Как он пыхнул. – Опохмеление.

Сохранён для нас каждый поворот мысли Родзянки, Милюкова или Керенского (хотя б и оформленный позже, в эмиграции), донесен до нас каждый их шаг. А мысли, действия и самые имена полутора тысяч солдат 4-й «походной» роты запасного Павловского батальона – никем не записаны, не оправданы, не изъяснены, – и только вступили в нашу историю окаменевшей вспышкой, своим коротким конечным результатом. Никто не оставил записок или рассказов, обычная немота простых людей. А из образованных никто не догадался затем расспросить их посвежу да записать. (Наш Александр Блок сушил своё перо на записи допросов в Чрезвычайной Следственной Комиссии, ожидали там сенсации.) Сохранилось только короткое групповое письмо павловцев в газету.
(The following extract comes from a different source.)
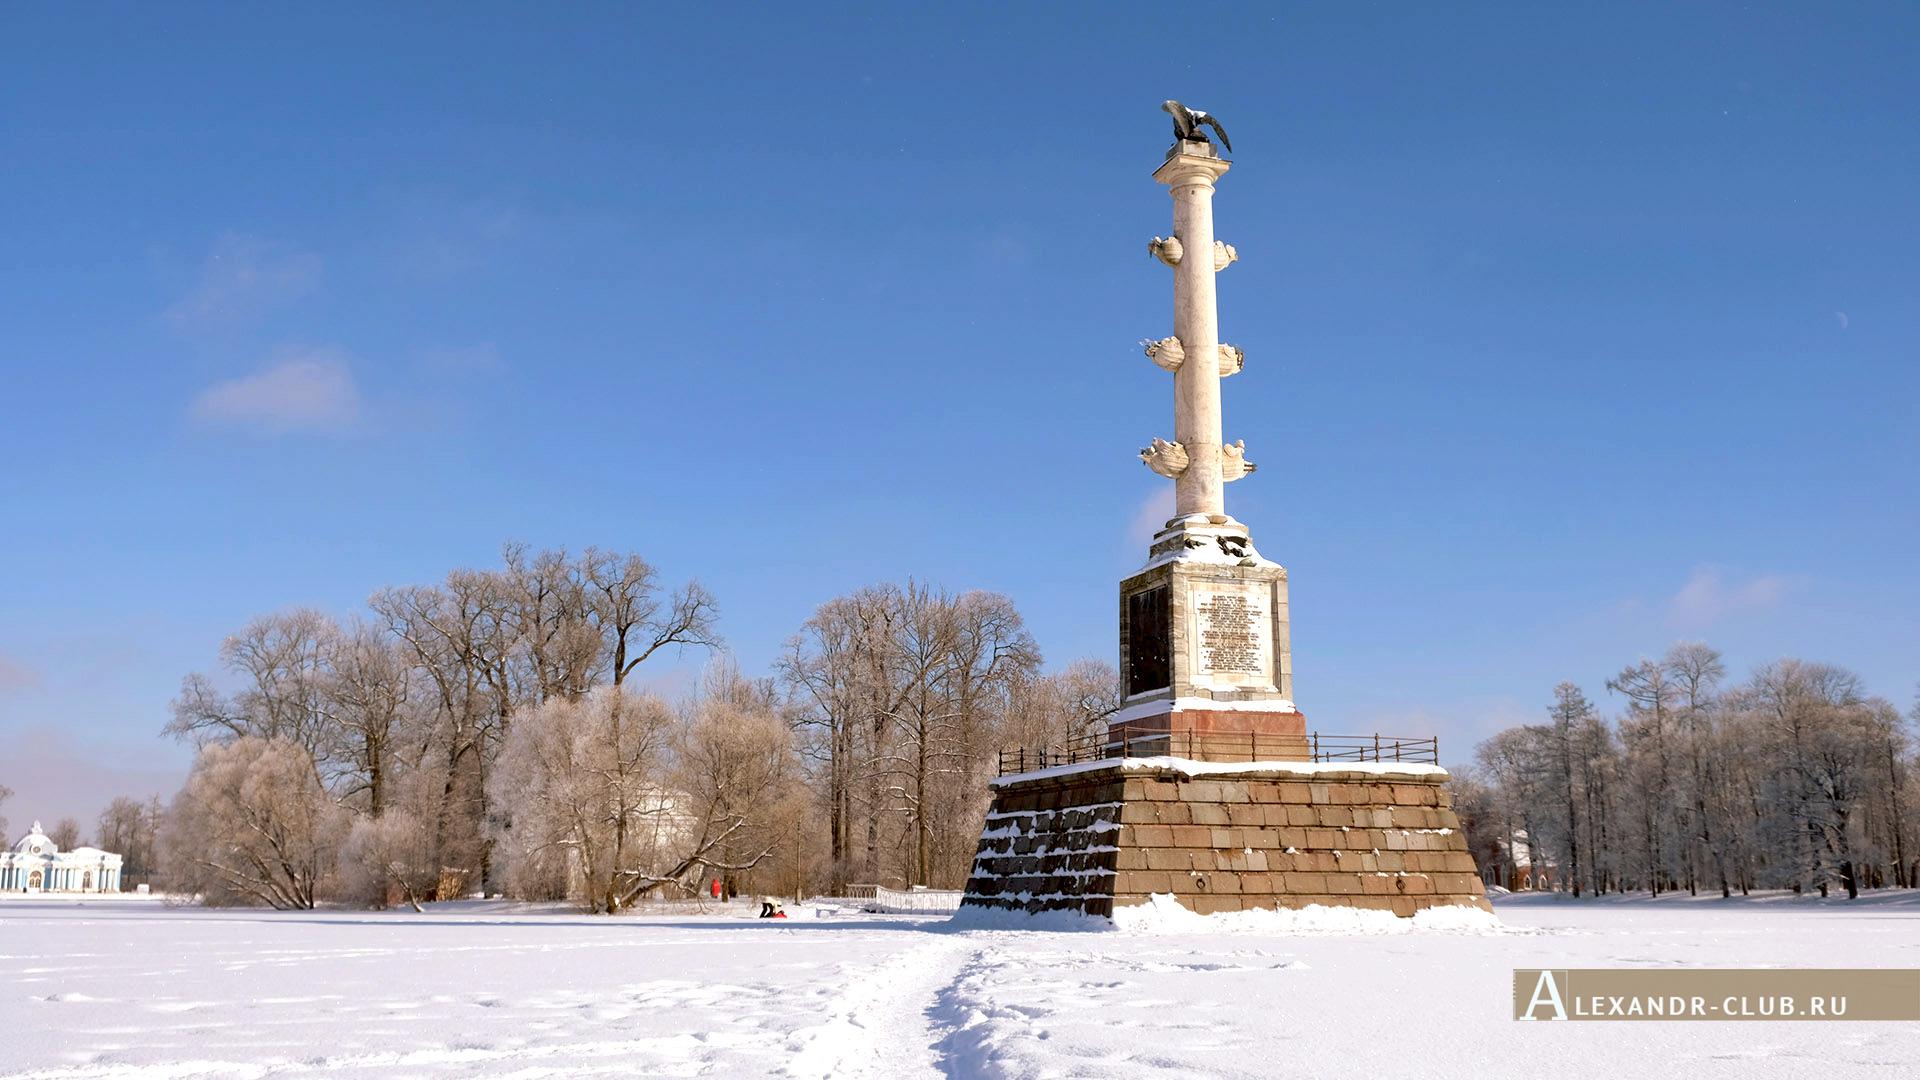 Царское Село, зима, Екатерининский парк, Чесменская колонна – 2

В ожоге тех дней ничто не было утвержено документально, но если б и было – то ещё прошло ли бы сквозь четыре года вымирания Петрограда и полувек пренебрежения Февралём?
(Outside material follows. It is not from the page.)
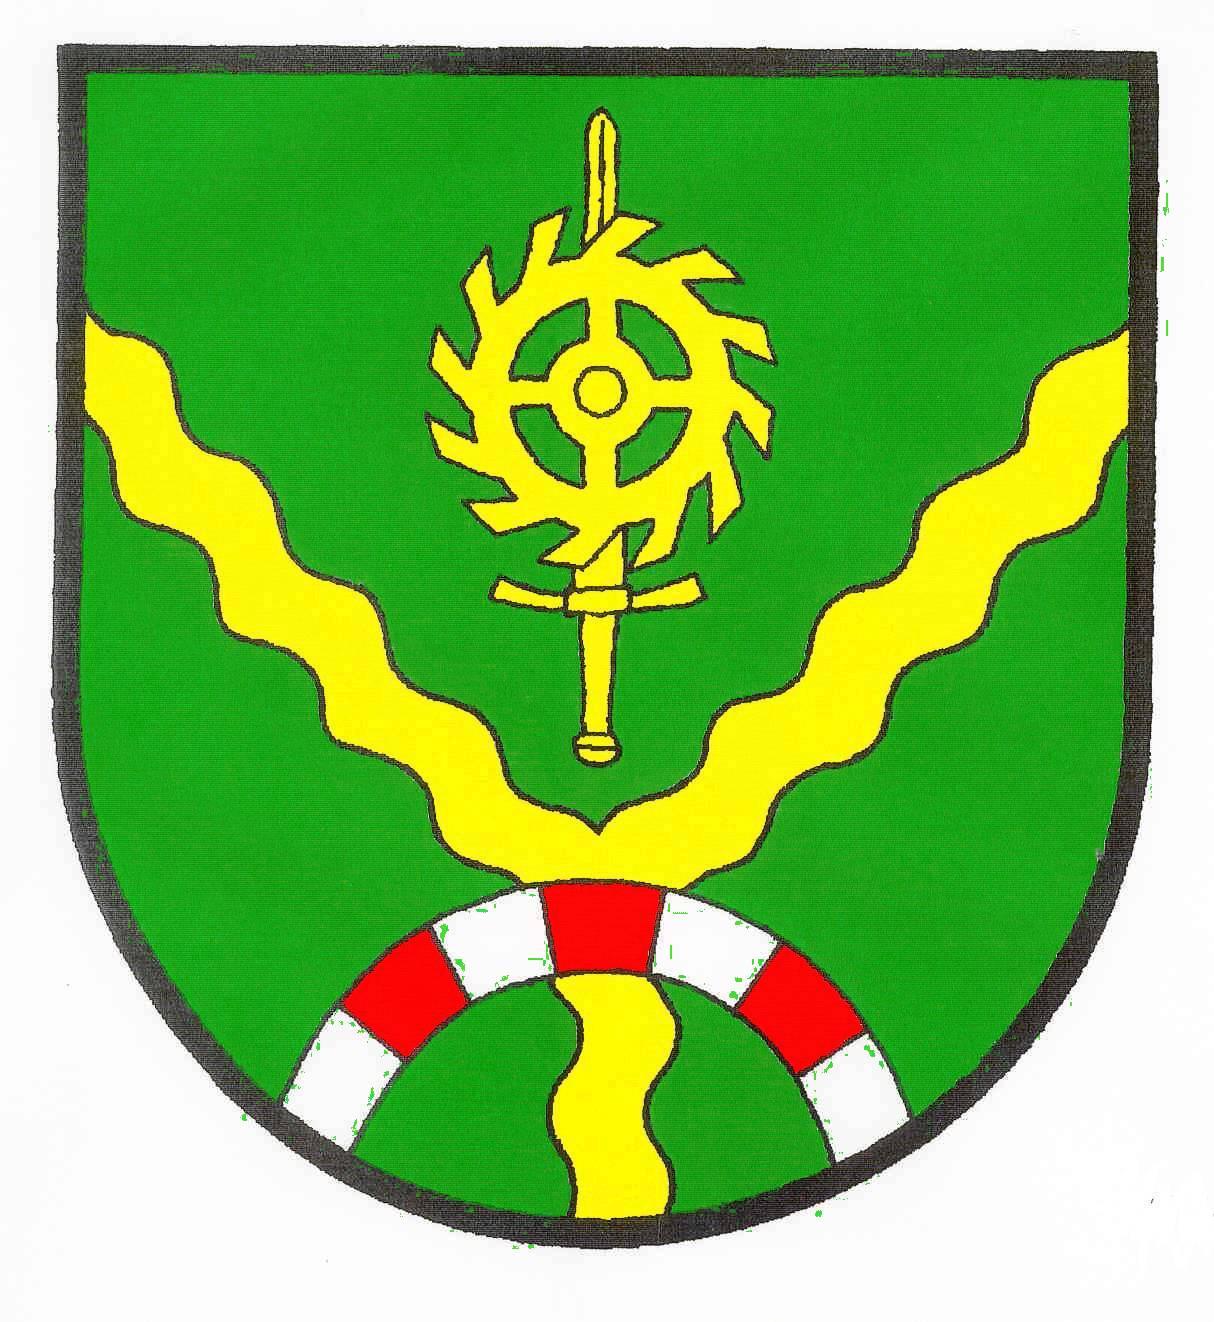 Wappen GemeindeSollerup, Kreis Schleswig-Flensburg

Итак, подошла страница описать бунт Павловского батальона – но черпать не достанет без догадки.

Рота эта называлась «походной», потому что составлялась из тех, кто ближе к походу, – из более уже обученных и из выздоравливающих после фронтового ранения, стало быть солдат, уже испытавших войну и ожидавших новой отправки туда же. Эту роту все минувшие дни не выводили на уличное охранение, она ничего сама не видела, лишь понаслышке. Но по спешке набора в гвардейские запасные батальоны сюда попадали теперь и свежемобилизованные питерские рабочие, а они сохраняли живую связь с городом, и с кем-то кто-то виделся, и в иные казармы приносили листовки и прокламации. Известно, что казармы содержались распущенно, в них и раньше проникали посторонние, звали поддержать братьев-рабочих. А в эту полосу городских волнений – в казармы могли проникать агитаторы и ночами, рассказывать и взывать.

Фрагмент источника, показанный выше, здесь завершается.